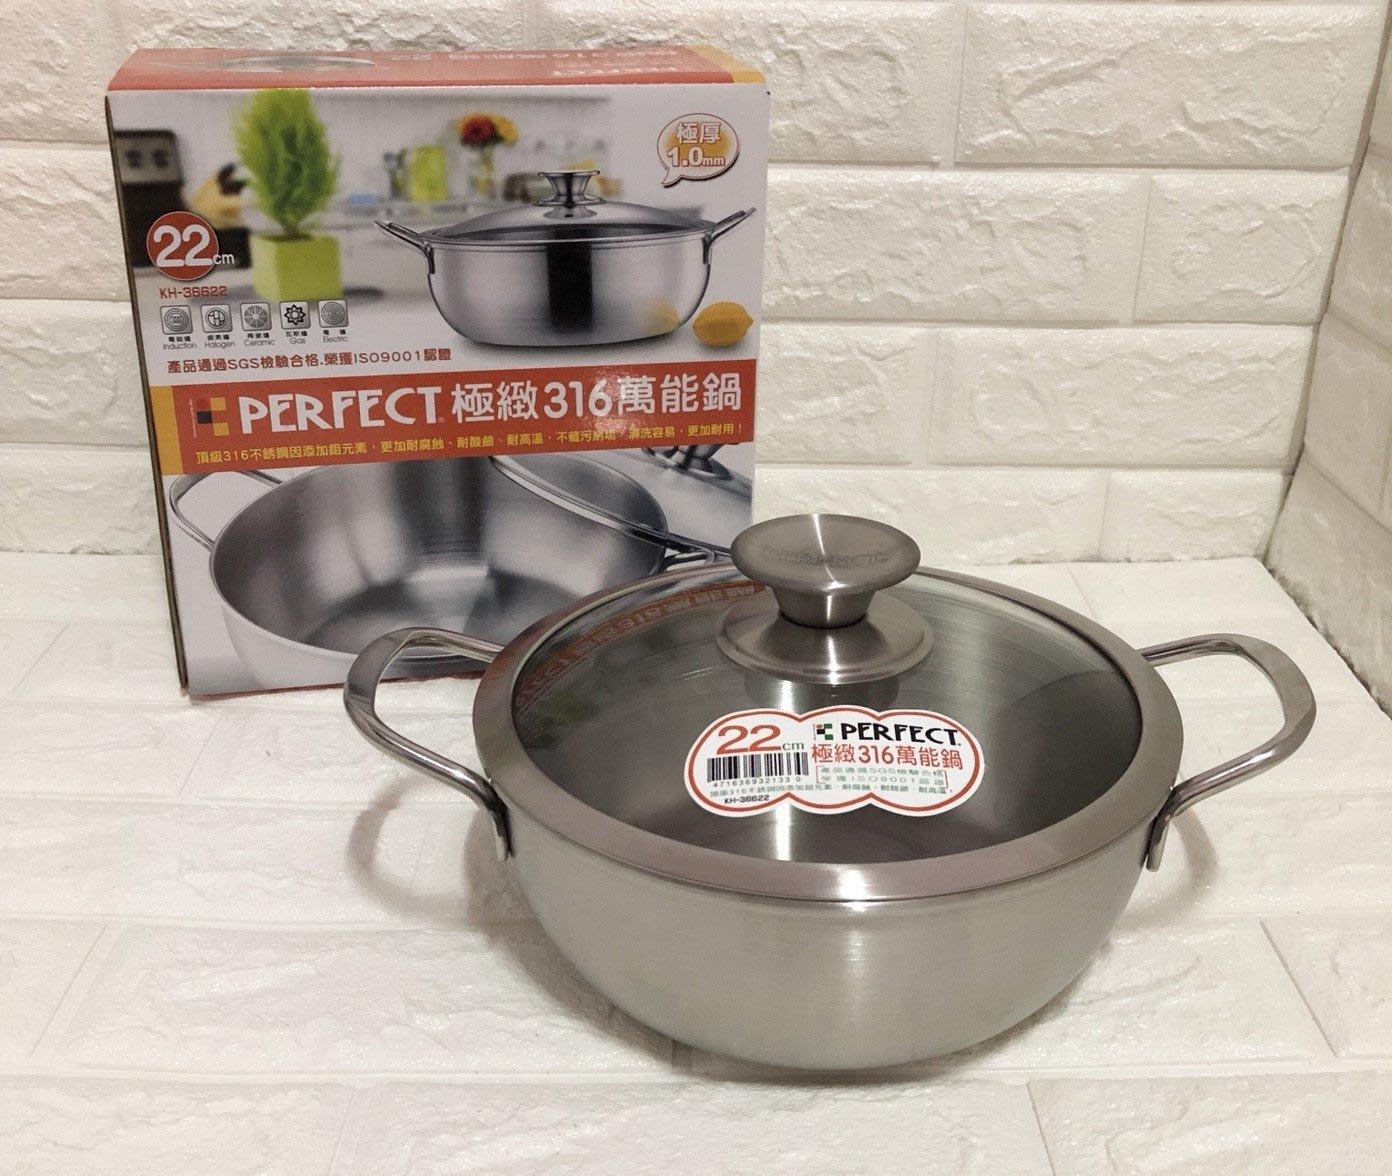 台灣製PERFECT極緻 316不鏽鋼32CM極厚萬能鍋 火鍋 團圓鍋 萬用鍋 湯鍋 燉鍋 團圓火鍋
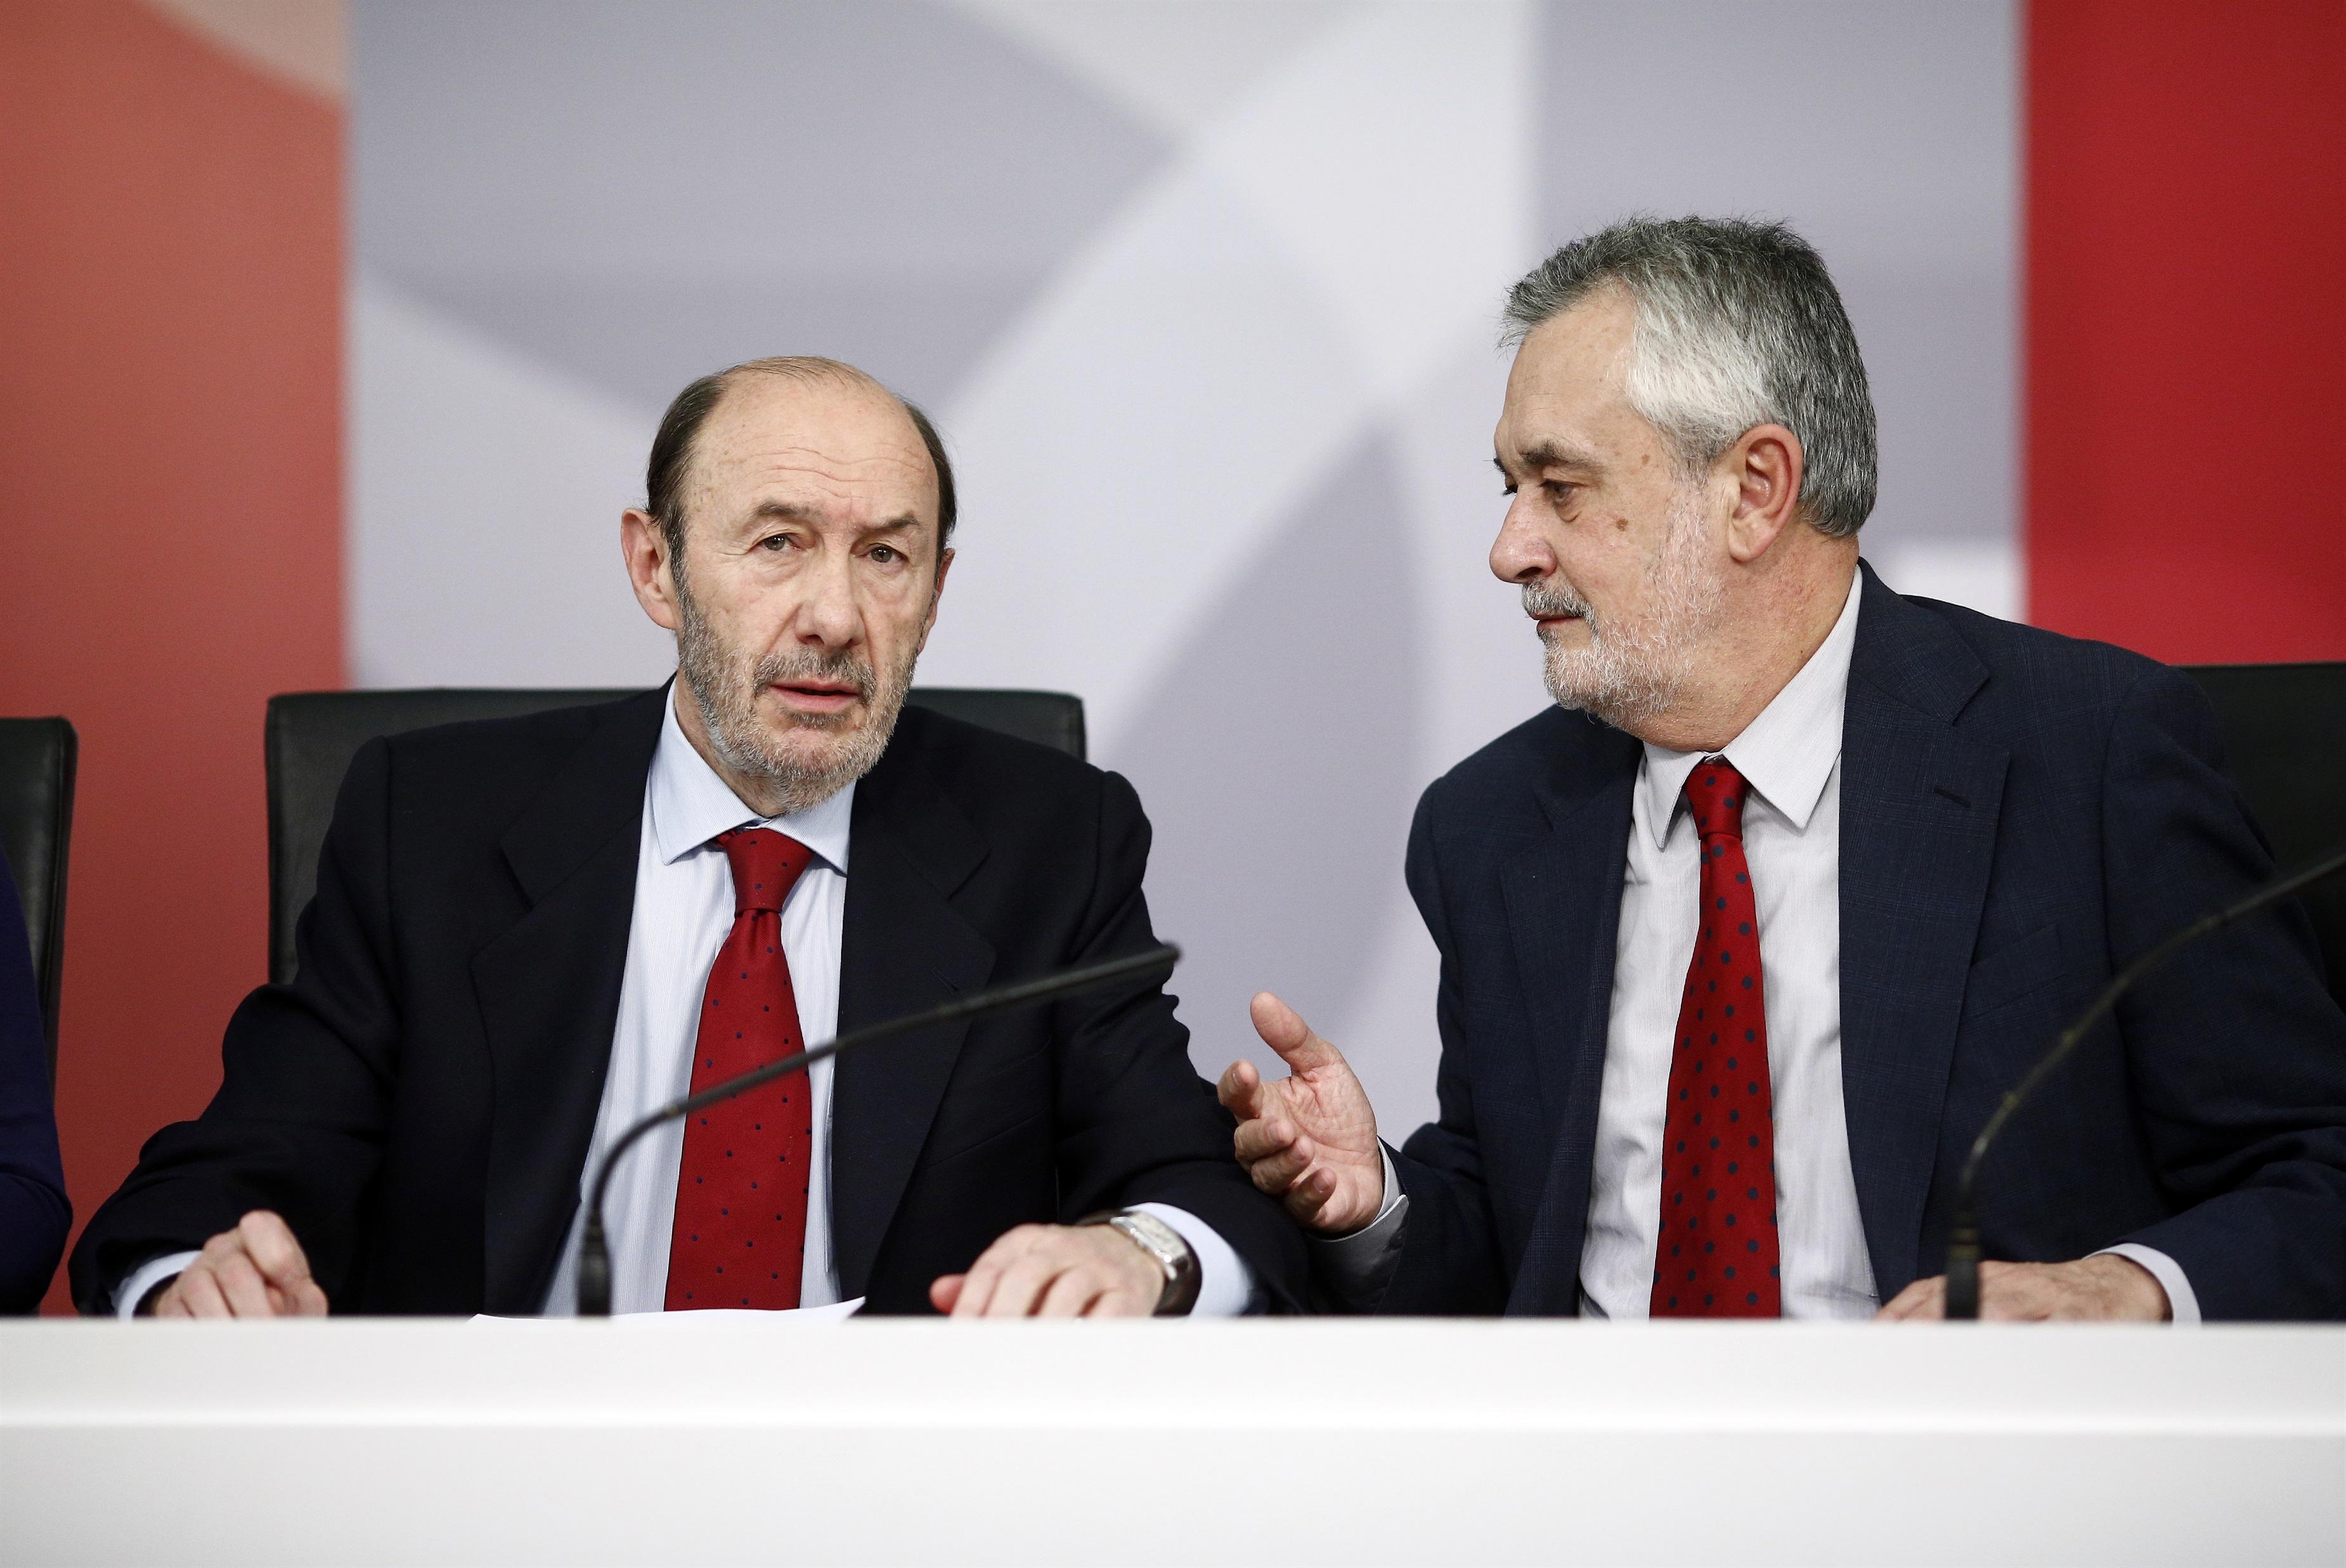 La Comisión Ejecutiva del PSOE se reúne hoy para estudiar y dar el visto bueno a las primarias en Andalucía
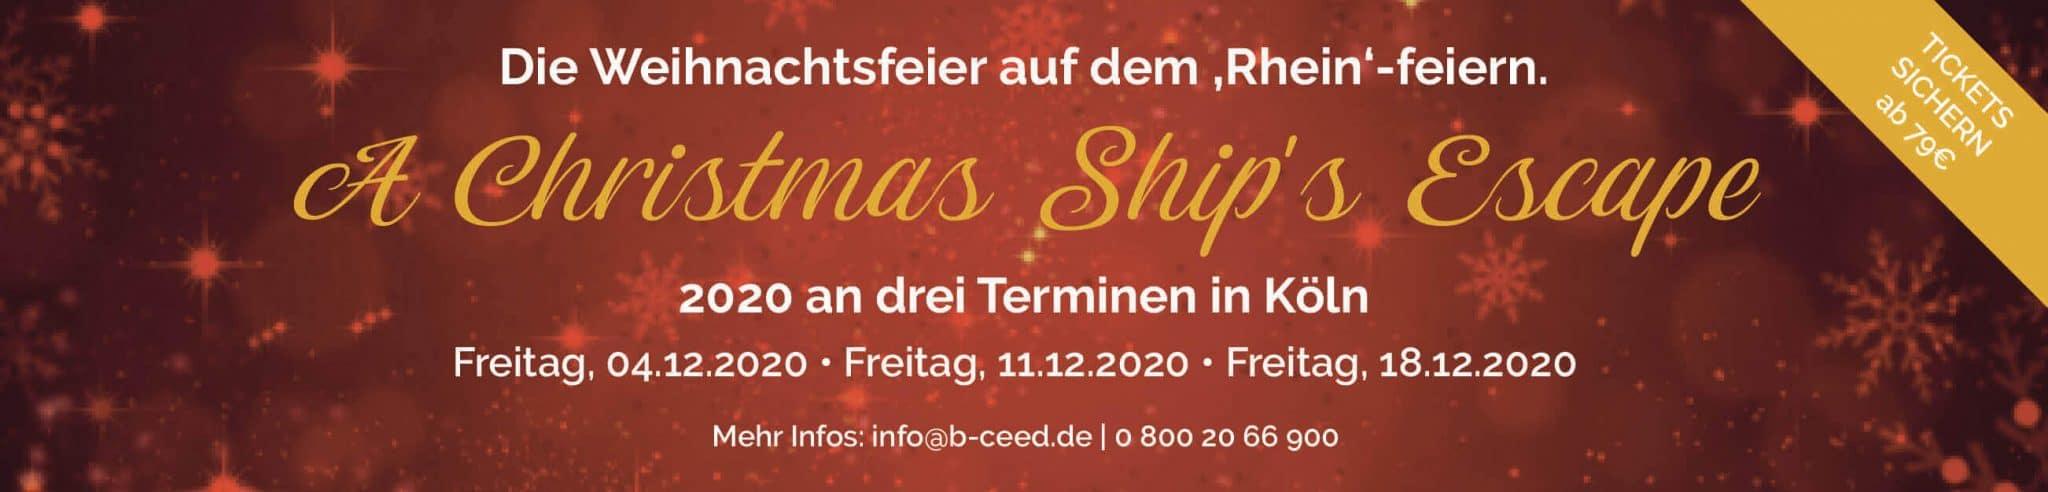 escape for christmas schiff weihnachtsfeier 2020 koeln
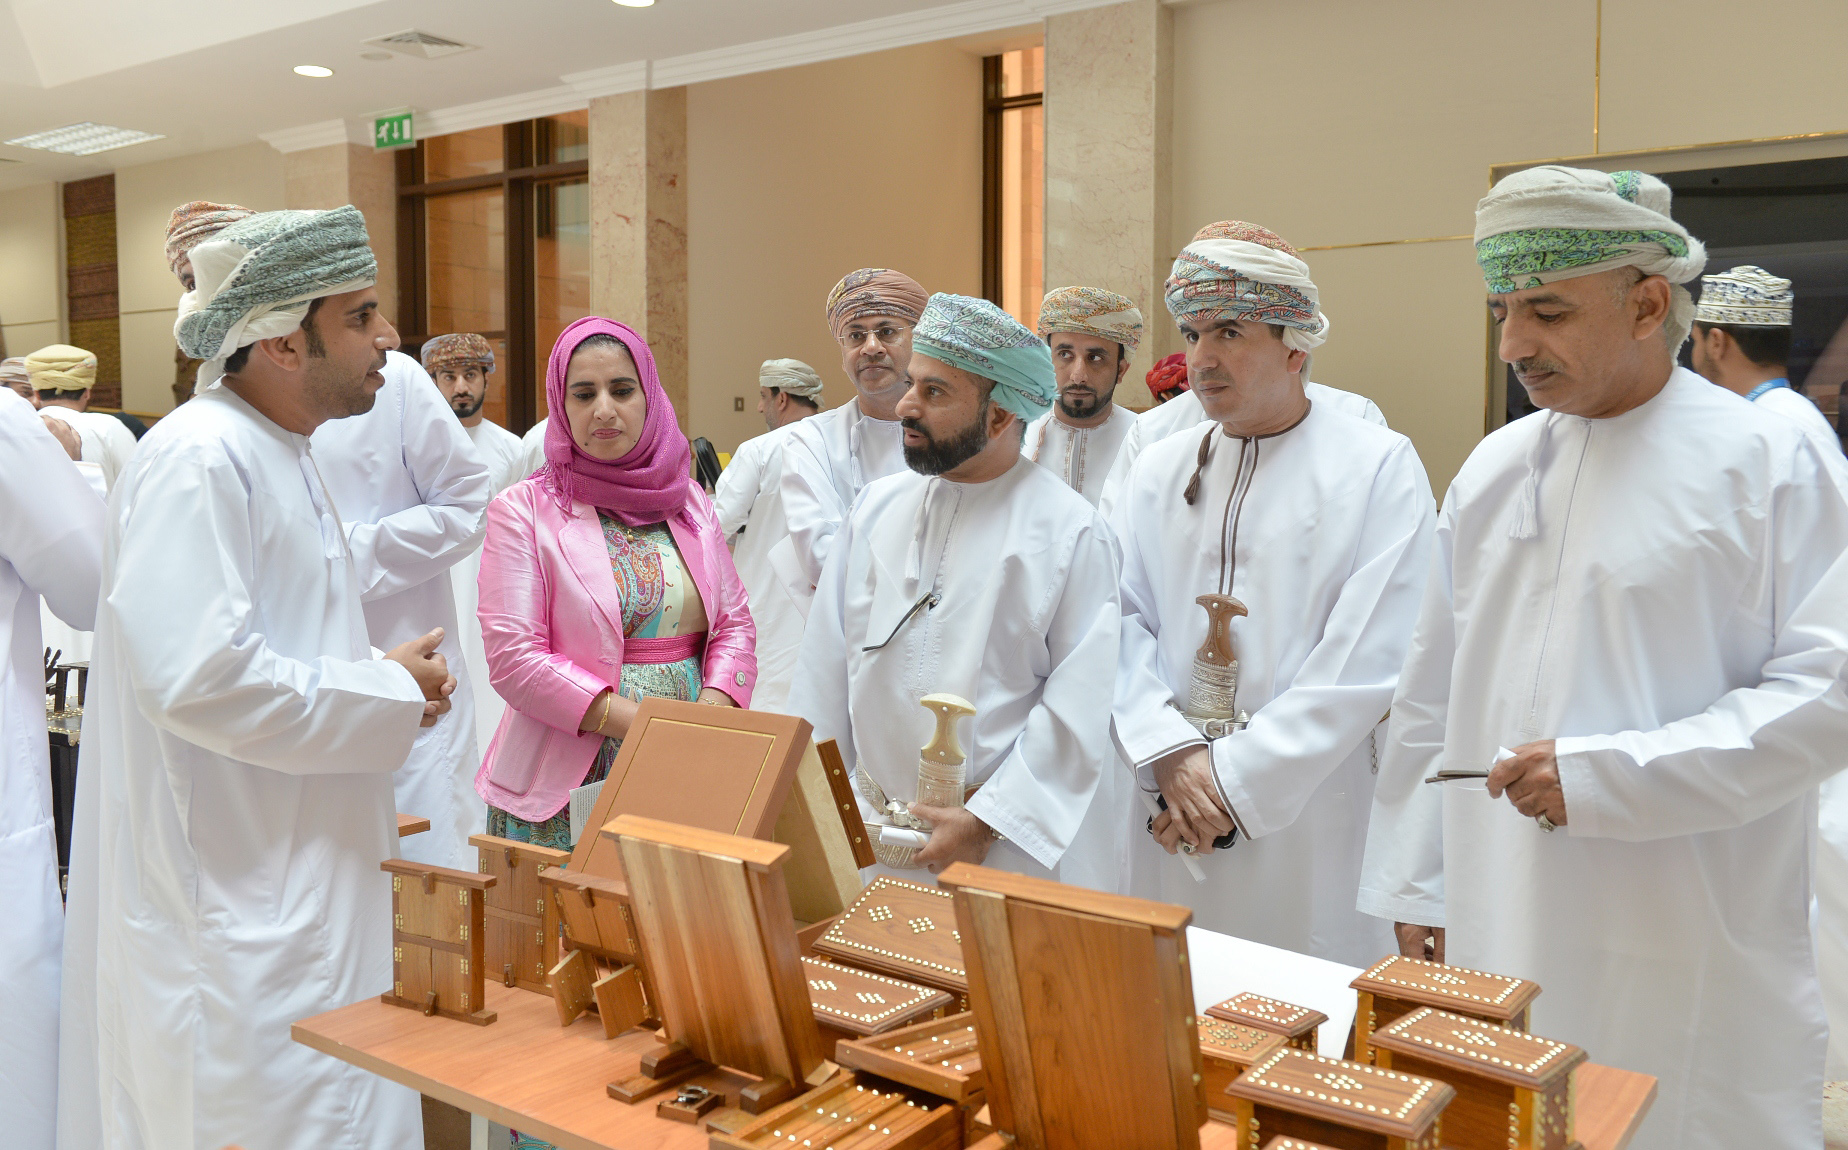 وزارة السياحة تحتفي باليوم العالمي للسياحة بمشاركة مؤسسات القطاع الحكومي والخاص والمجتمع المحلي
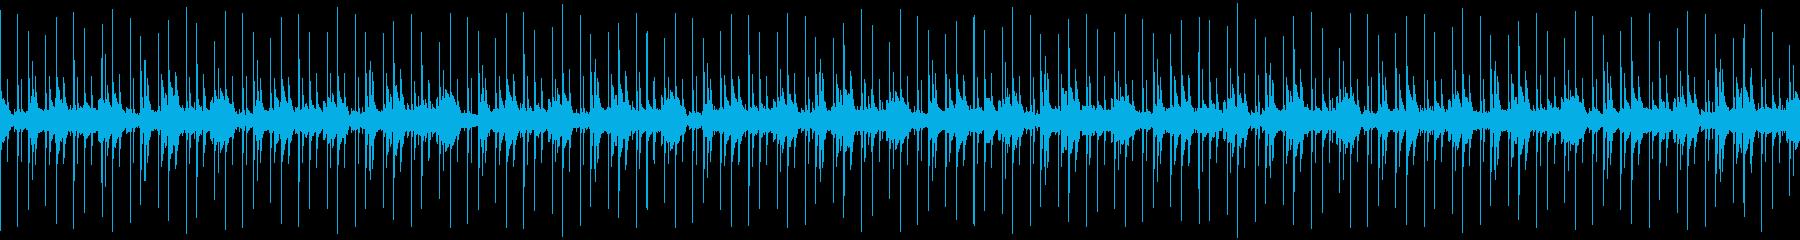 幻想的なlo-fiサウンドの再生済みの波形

ASSIGNED TASK :: Reproduce only the lines from the line with "La Comisión Ejecutiva" to the end of the entries. Keep both ends, copy them exactly, and omit every picture.

EXERCISE ANSWER ::
 La Comisión Ejecutiva del PSOE se reúne hoy para estudiar y dar el visto bueno a las primarias en Andalucía
 escape for christmas schiff weihnachtsfeier 2020 koeln
 وزارة السياحة تحتفي باليوم العالمي للسياحة بمشاركة مؤسسات القطاع الحكومي والخاص والمجتمع المحلي
 幻想的なlo-fiサウンドの再生済みの波形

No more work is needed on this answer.